Long-Term Disability Plan

Defendant maintained a long-term disability program for its employees. Plaintiff alleges that the program provided for rehabilitative employment of injured employees, with insurance to pay any difference in compensation between the two jobs. Plaintiff argues that defendant breached this contract and violated ERISA by not giving her a rehabilitative position in 1985 and by not paying the salary difference between grades 2 and 8 in 1987. (She maintains that the grade 2 job she got was rehabilitative employment under the program.)

There is no evidence of such a program other than plaintiff’s testimony and a reference in the company’s long-term disability insurance policy. Plaintiff’s understanding was that if a disability caused a beneficiary returning to work to take a lower-paying job, then that job would qualify as rehabilitative employment under the program. Yet plaintiff testified that the job she took in August 1987 was in no way better for her back than her old job, and in fact required more sitting.

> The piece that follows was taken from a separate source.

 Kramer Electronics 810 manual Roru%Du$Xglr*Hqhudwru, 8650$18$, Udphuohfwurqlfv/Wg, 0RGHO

The insurance policy states that disability benefits will generally be reduced by any income earned by the beneficiary through employment. An exception is made for “approved rehabilitation employment,” whereby:

if such income is received by reason of earnings from employment, with [the employee’s] Employer or any other employer, or from his self-employment, under a plan of approved rehabilitation employment (as hereinafter defined) only 60% of such earnings shall be applied to reduce benefits hereunder....
As used herein the term “approved rehabilitation employment” means any employment, including self-employment, in which the employee participates, after becoming totally disabled, and which both the Employer and Insurer approve for the employee as being reasonably conducive to his return to active work in a gainful occupation, business or employment. Participation by the employee in rehabilitation employment while it is approved for him by the Employer and Insurer shall not terminate his period of disability or any existing entitlement to benefits under this coverage.

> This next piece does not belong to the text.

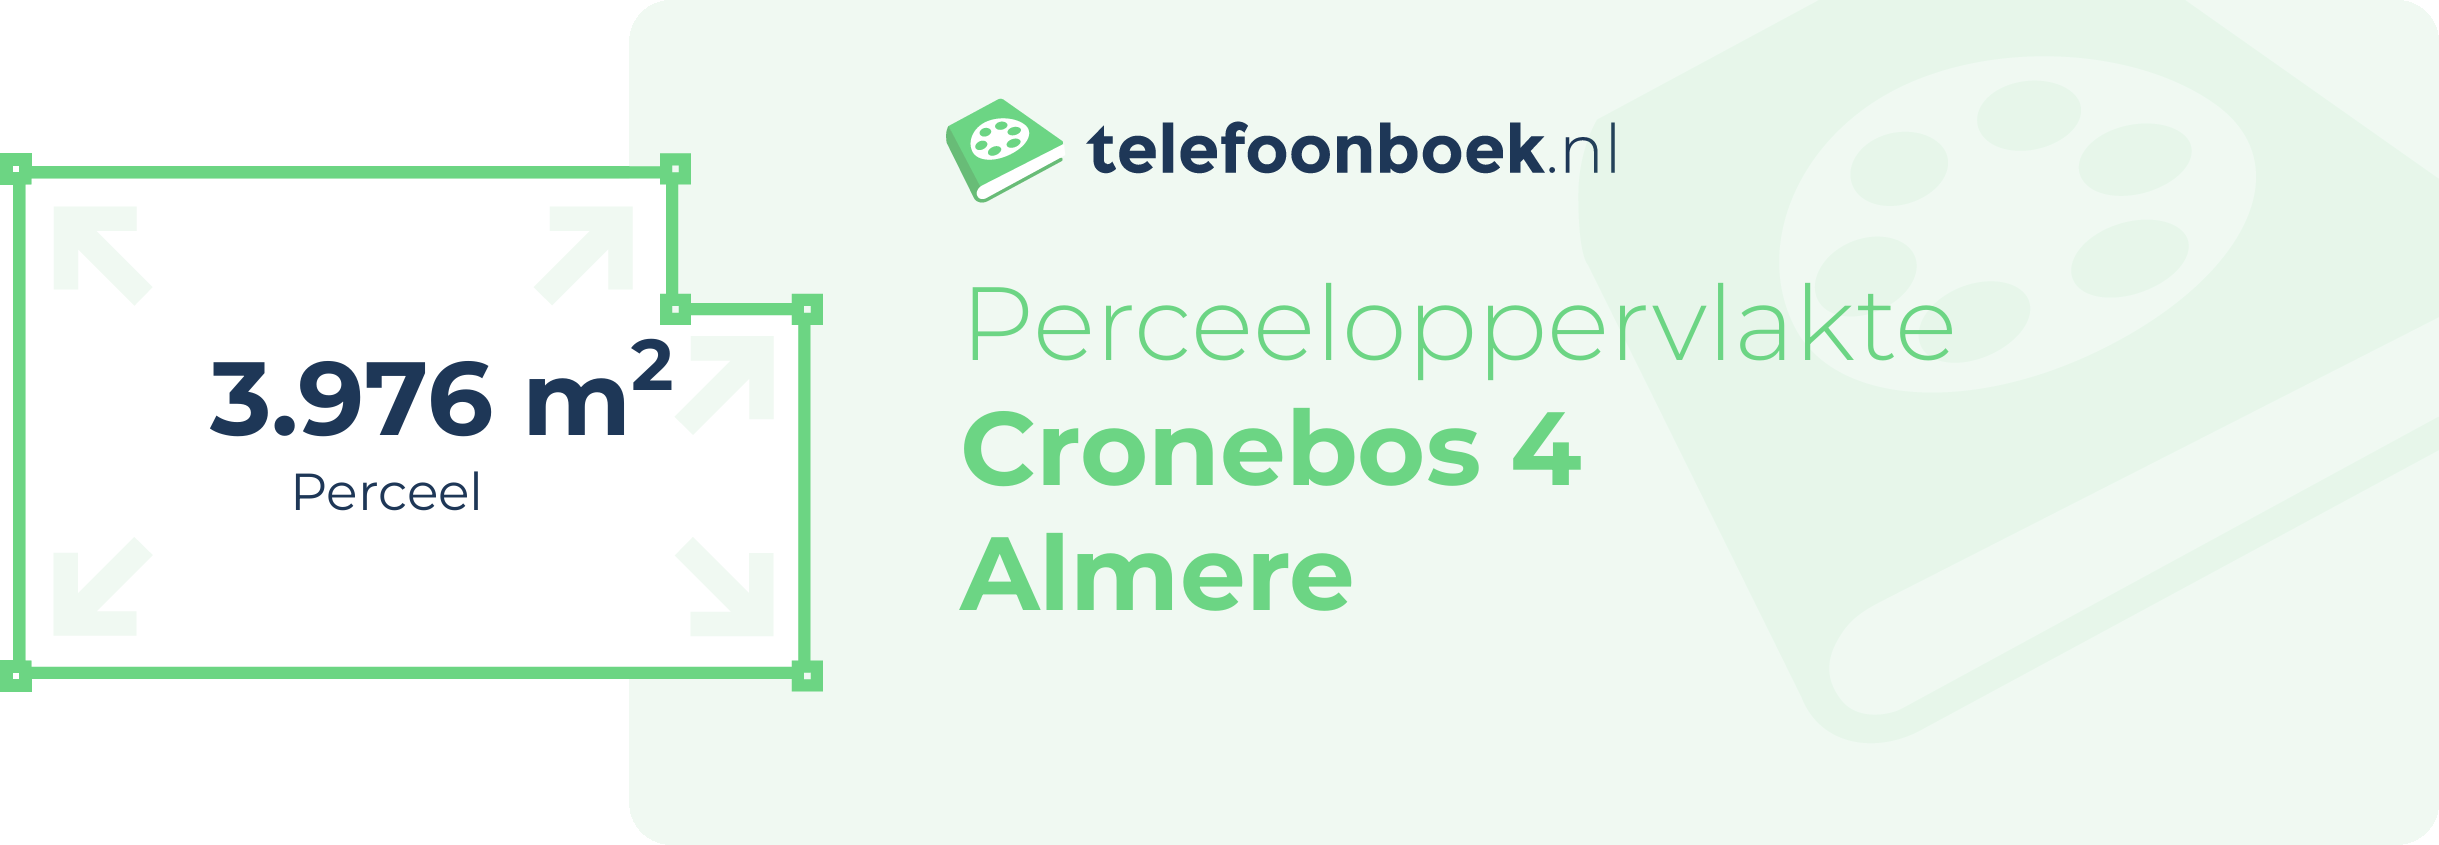 Perceeloppervlakte Cronebos 4 Almere

According to defendant’s affidavits, the policy does not require defendant to provide employees on disability leave with rehabilitative employment. Plaintiff never used the procedure for claiming benefits under defendant’s employee benefit plans to request a rehabilitative job. The job plaintiff took in August 1987 was not “approved rehabilitation employment.”

DISCUSSION AND RULINGS OF LAW

Summary judgment “is a useful device for ... putting a swift end to meritless litigation.” Quinn v. Syracuse Model Neighborhood Corp., 613 F.2d 438, 445 (2d Cir.1980). See also Celotex Corp. v. Catrett, 477 U.S. 317, 327, 106 S.Ct. 2548, 2554, 91 L.Ed.2d 265 (1986). The standard of decision is well established. See Oliver v. Digital Equipment Corp., 846 F.2d 103, 105 (1st Cir.1988) (race discrimination in employment). Defendant must affirmatively demonstrate the absence of a genuine issue of material fact. Anderson v. Liberty Lobby, Inc., 477 U.S. 242, 248, 106 S.Ct. 2505, 2510, 91 L.Ed.2d 202 (1986). If the motion is supported by the record, plaintiff “may not rest upon the mere allegations of his pleading, but ... must set forth specific facts showing that there is a genuine issue for trial.” Id., quoting First Nat. Bank of Arizona v. Cities Service Co., 391 U.S. 253, 88 S.Ct. 1575, 20 L.Ed.2d 569 (1968). An issue is “genuine” if a reasonable jury could return a verdict for plaintiff on the evidence presented. Anderson, 477 U.S. at 248, 106 S.Ct. at 2510. Insignificant or merely colorable evidence is insufficient. Id. at 249-50, 106 S.Ct. at 2510-11; De Arteaga v. Pall Ultrafine Filtration Corp., 862 F.2d 940 (1st Cir.1988) (age discrimination in employment). “Material” facts are those that might affect the outcome of the litigation under the applicable substantive law. Anderson, 477 U.S. at 248, 106 S.Ct. at 2510. “[A] complete failure of proof concerning an essential element of the non-moving party’s case necessarily renders all other facts immaterial.” Celotex, 477 U.S. at 322-23, 106 S.Ct. at 2552.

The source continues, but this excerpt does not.